BALET: Nah, panduan saya kepada orang-orang lanjut usia yang menganggur adalah untuk memoles keterampilan teknologi dan memastikan mereka selalu up-to-date, yang sebagian besar terjadi saat ini. Pastikan Anda menggunakan jejaring sosial sebaik mungkin, jangan takut untuk berkonsultasi, ini akan membuat Anda kembali bermain. Anda mungkin tidak mendapatkan bayaran yang sama seperti yang Anda peroleh dalam pekerjaan penuh waktu, namun Anda masih berada di tempat kerja, mempertajam keterampilan Anda dan bekerja di jaringan sosial Anda secara fisik versus virtual.

Anda merasa lebih baik tentang diri sendiri karena Anda bangun setiap hari.
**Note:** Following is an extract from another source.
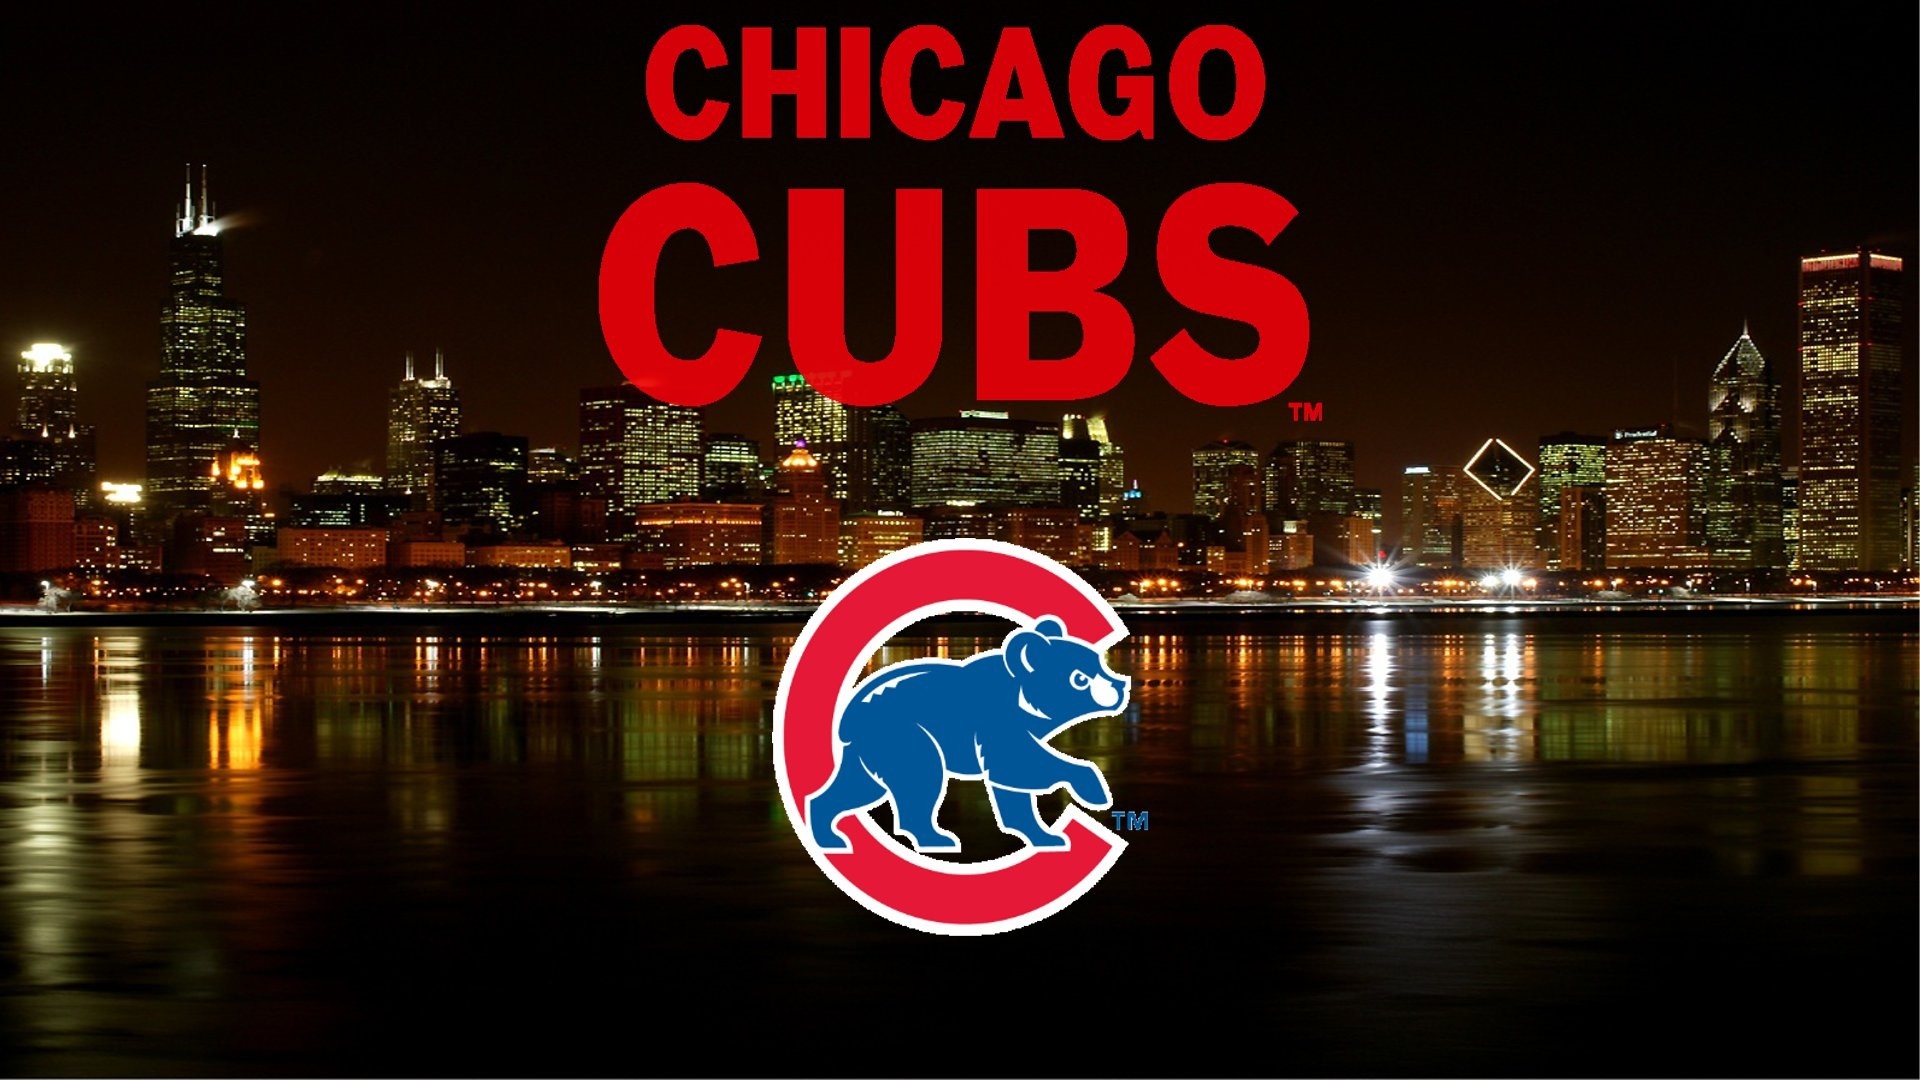 … chicago cubs wallpaper for android wallpapersafari …

Inkubator di sini di New York City sekarang menjadi tempat orang dapat pergi dan dengan membayar $200 sebulan Anda dapat menyewa kursi virtual dan pergi ke sana serta bekerja. Tempat yang bagus untuk dikunjungi, bergaul, dan berjejaring. Bertemu dengan pria yang mengenakan skinny jeans membawa Mac.

DEDUKSI: Jangan main-main dengan orang IT.

BALET: Namun pada akhirnya, ini adalah tempat yang bagus untuk dikunjungi.

saudara perempuan: Tuan-tuan dan Nyonya, terima kasih banyak. Terima kasih untuk seluruh panel bisnis kami.